For instance, after initial learning from human demonstrations, SIMA 2 can learn in new games solely through self-directed play, developing skills in unfamiliar worlds without extra human-generated data. Subsequent training can then utilize SIMA 2’s own experience data to train a more advanced version of the agent. The agent’s self-improvement capability was also applied in newly created Genie environments, marking a significant step towards training general agents across varied, generated worlds.
The SIMA 2 self-improvement cycle begins with Gemini providing an initial task and an estimated reward for SIMA 2’s behavior. This information is then added to a bank of self-generated experience, which the agent uses for further training in subsequent generations.
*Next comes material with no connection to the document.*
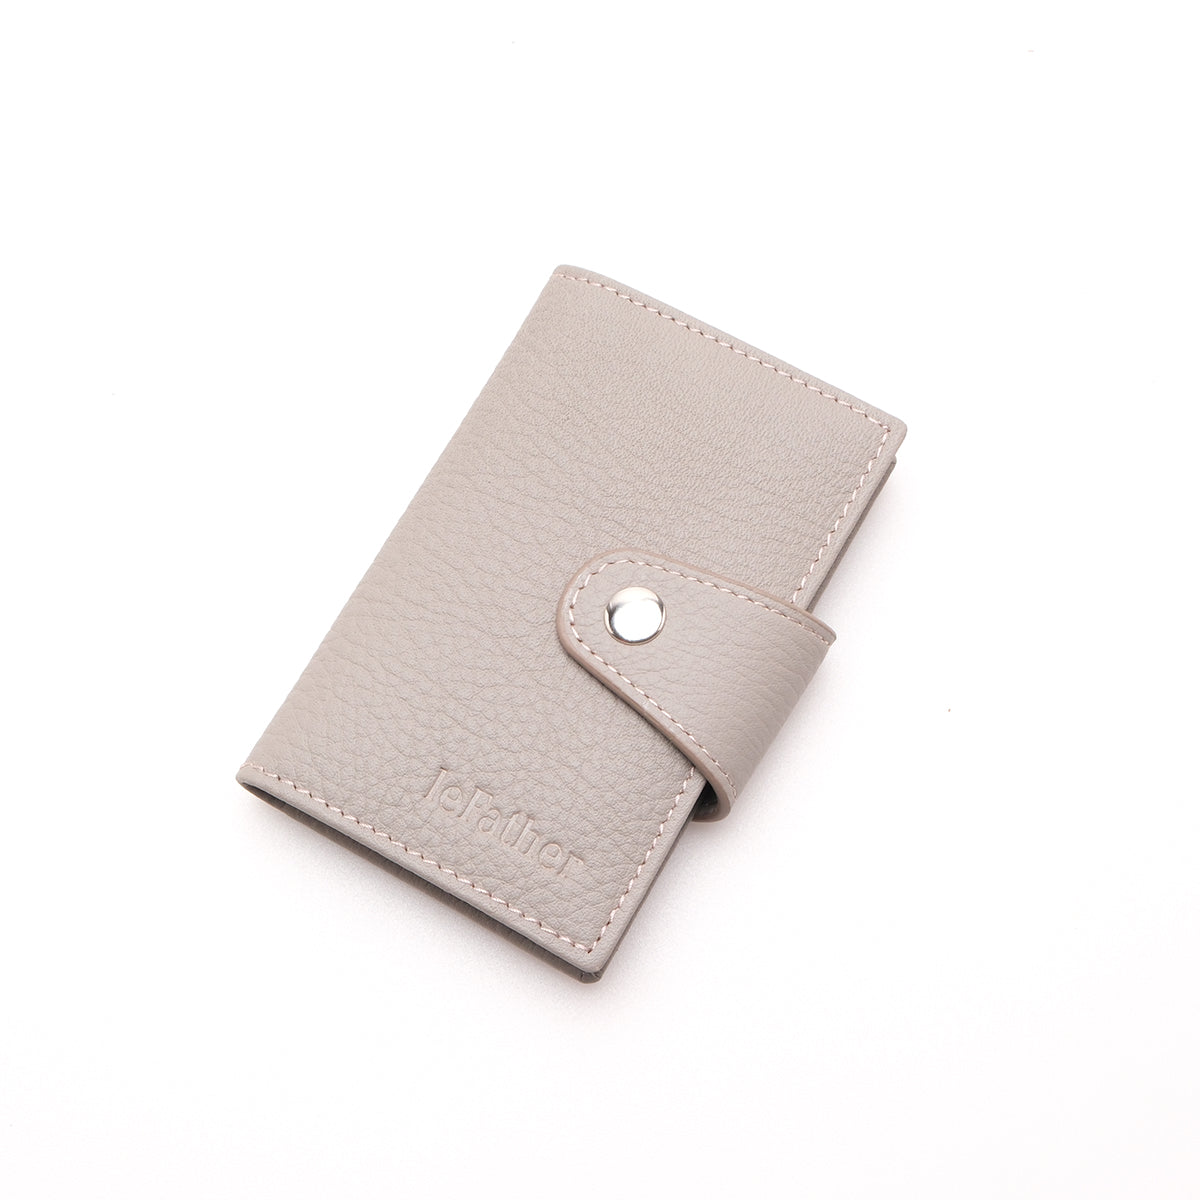 Lefather - Leather Goods Manufacturer - Leather Wallet

This process allows the agent to improve on previously failed tasks entirely independently of human-generated demonstrations and intervention.
This virtuous cycle of iterative improvement paves the way for a future where agents can learn and grow with minimal human intervention, becoming open-ended learners in embodied AI.
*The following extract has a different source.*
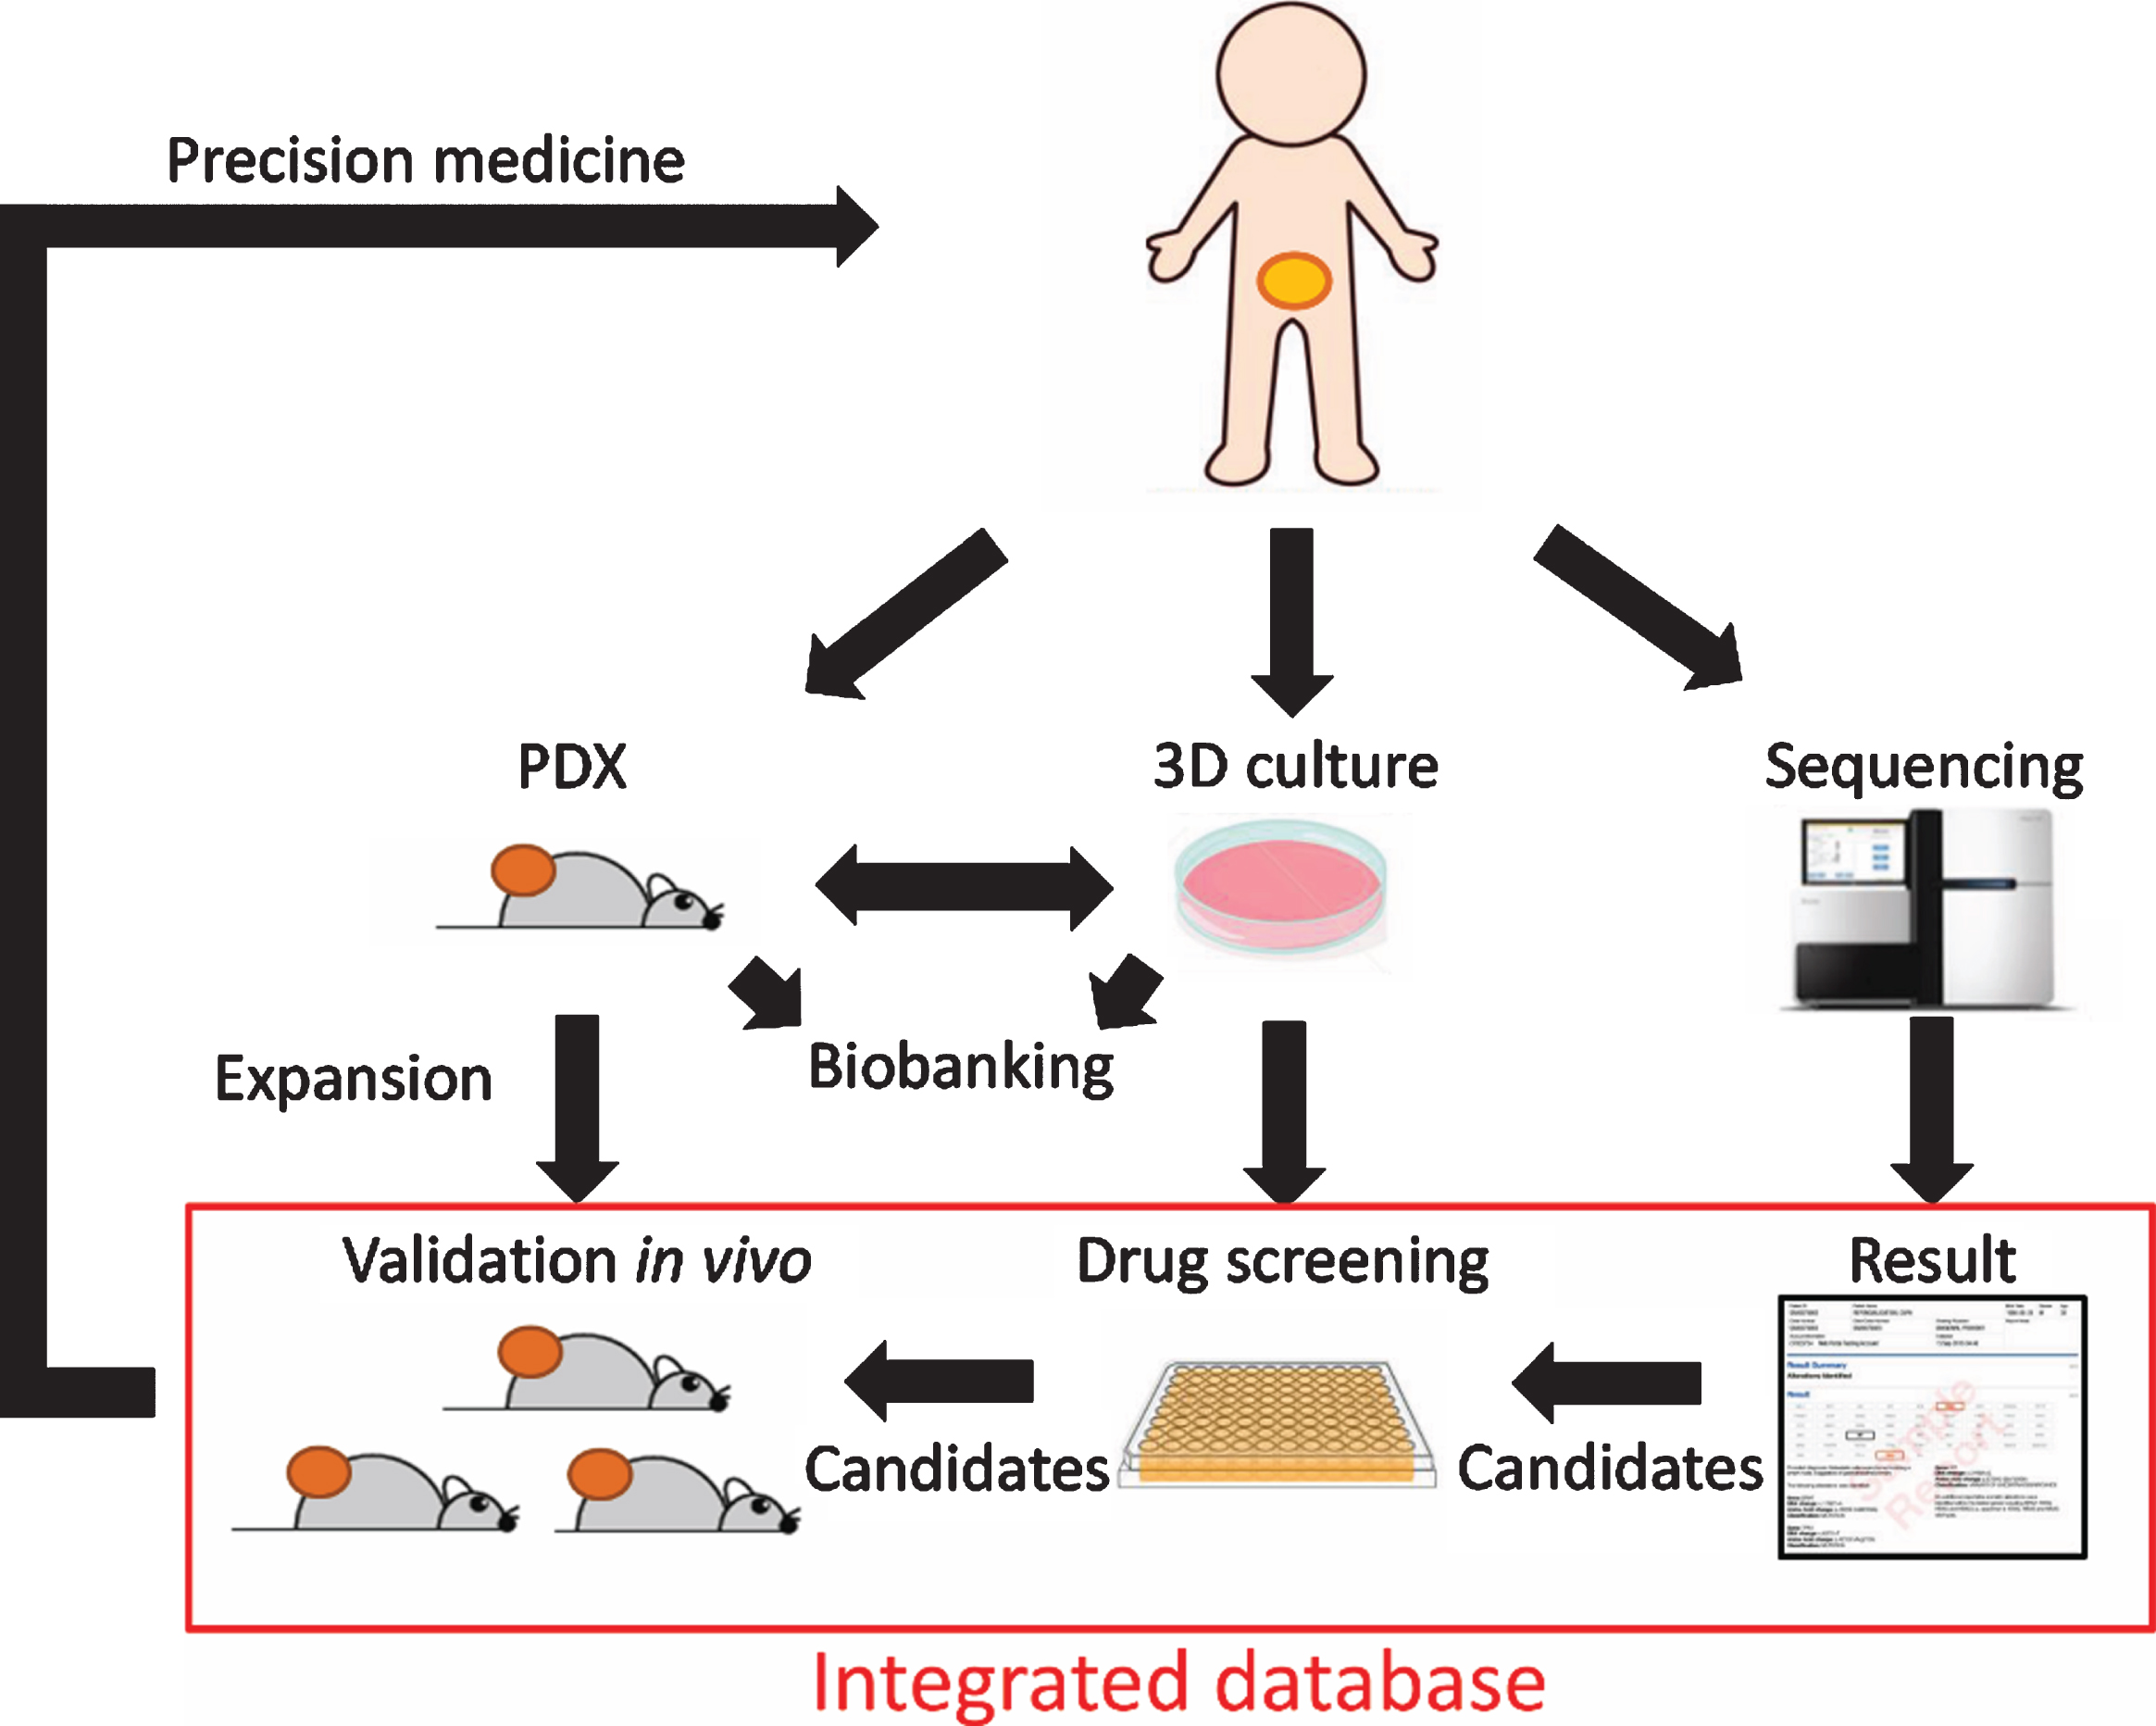 Schematic representation of combined operation of PDX and 3D culture for precision medicine.

ASKA: Examples on the left show tasks where the initial SIMA 2 agent failed, while the right demonstrates SIMA 2’s self-improvement over generations of training, achieved without human feedback or gameplay data.
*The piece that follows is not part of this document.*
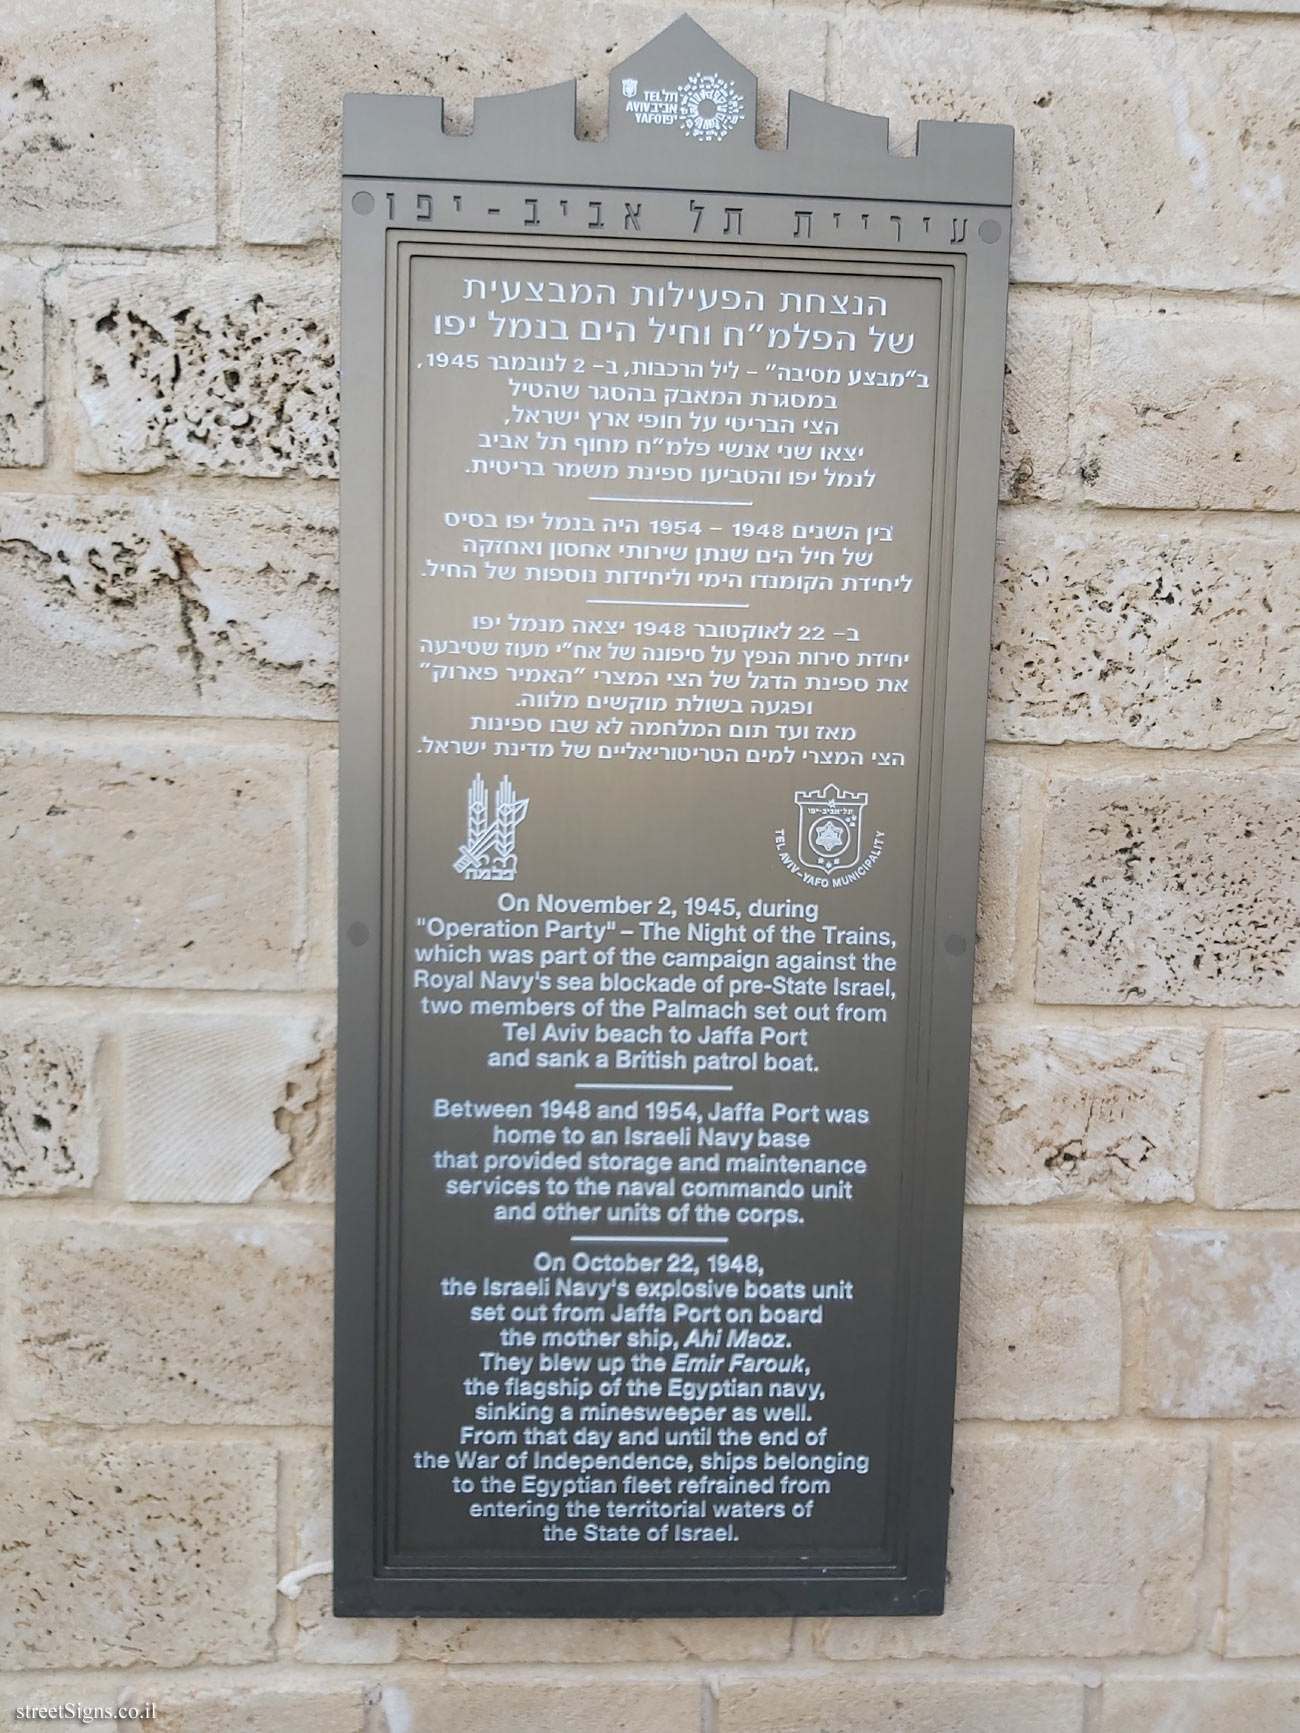 The Plamach and Navy operation in Jaffa - Commemoration of Underground Movements in Tel Aviv

Genie 3 environment: The agent is improving over one generation of training in a genie 3 environment it has never seen before.
Looking to the Future: The Journey to General Embodied Intelligence
SIMA 2’s ability to operate across diverse gaming environments is a crucial proving ground for general intelligence, allowing agents to master skills, practice complex reasoning, and learn continuously through self-directed play.
While SIMA 2 marks a significant advance toward generalist, interactive, embodied intelligence, it remains a research project with current limitations that point to crucial areas for future development. The agents still encounter difficulties with very long-horizon, complex tasks demanding extensive, multi-step reasoning and goal verification. SIMA 2 also possesses a relatively short memory of its interactions, requiring a limited context window for low-latency engagement. Furthermore, executing precise, low-level actions through keyboard and mouse interfaces and achieving robust visual comprehension of intricate 3D scenes are ongoing challenges for the field.
This research provides a fundamental validation for a new path in action-oriented AI. SIMA 2 confirms that an AI trained for broad competency, leveraging diverse multi-world data and the powerful reasoning of Gemini, can successfully unify the capabilities of many specialized systems into one coherent, generalist agent.
SIMA 2 also offers a strong path toward application in robotics. The skills it learned – from navigation and tool use to collaborative task execution – are some of the fundamental building blocks for the physical embodiment of intelligence needed for future AI assistants in the physical world.
Responsible Development
SIMA 2 is an interactive, human-centered agent that offers engaging interactions, especially in how it articulates its own reasoning. Like all advanced and foundational technologies, SIMA 2 is being developed responsibly from its inception. This commitment is especially pertinent concerning its technical innovations, particularly its self-improvement capabilities.
During SIMA 2’s development, collaboration occurred with a Responsible Development & Innovation Team. As potential applications are explored, SIMA 2 is being released as a limited research preview, offering early access to a select group of academics and game developers. This strategy aims to collect essential feedback and interdisciplinary insights while investigating this new domain and enhancing understanding of risks and their appropriate mitigations. Further collaboration with the community is anticipated to ensure responsible development of this technology.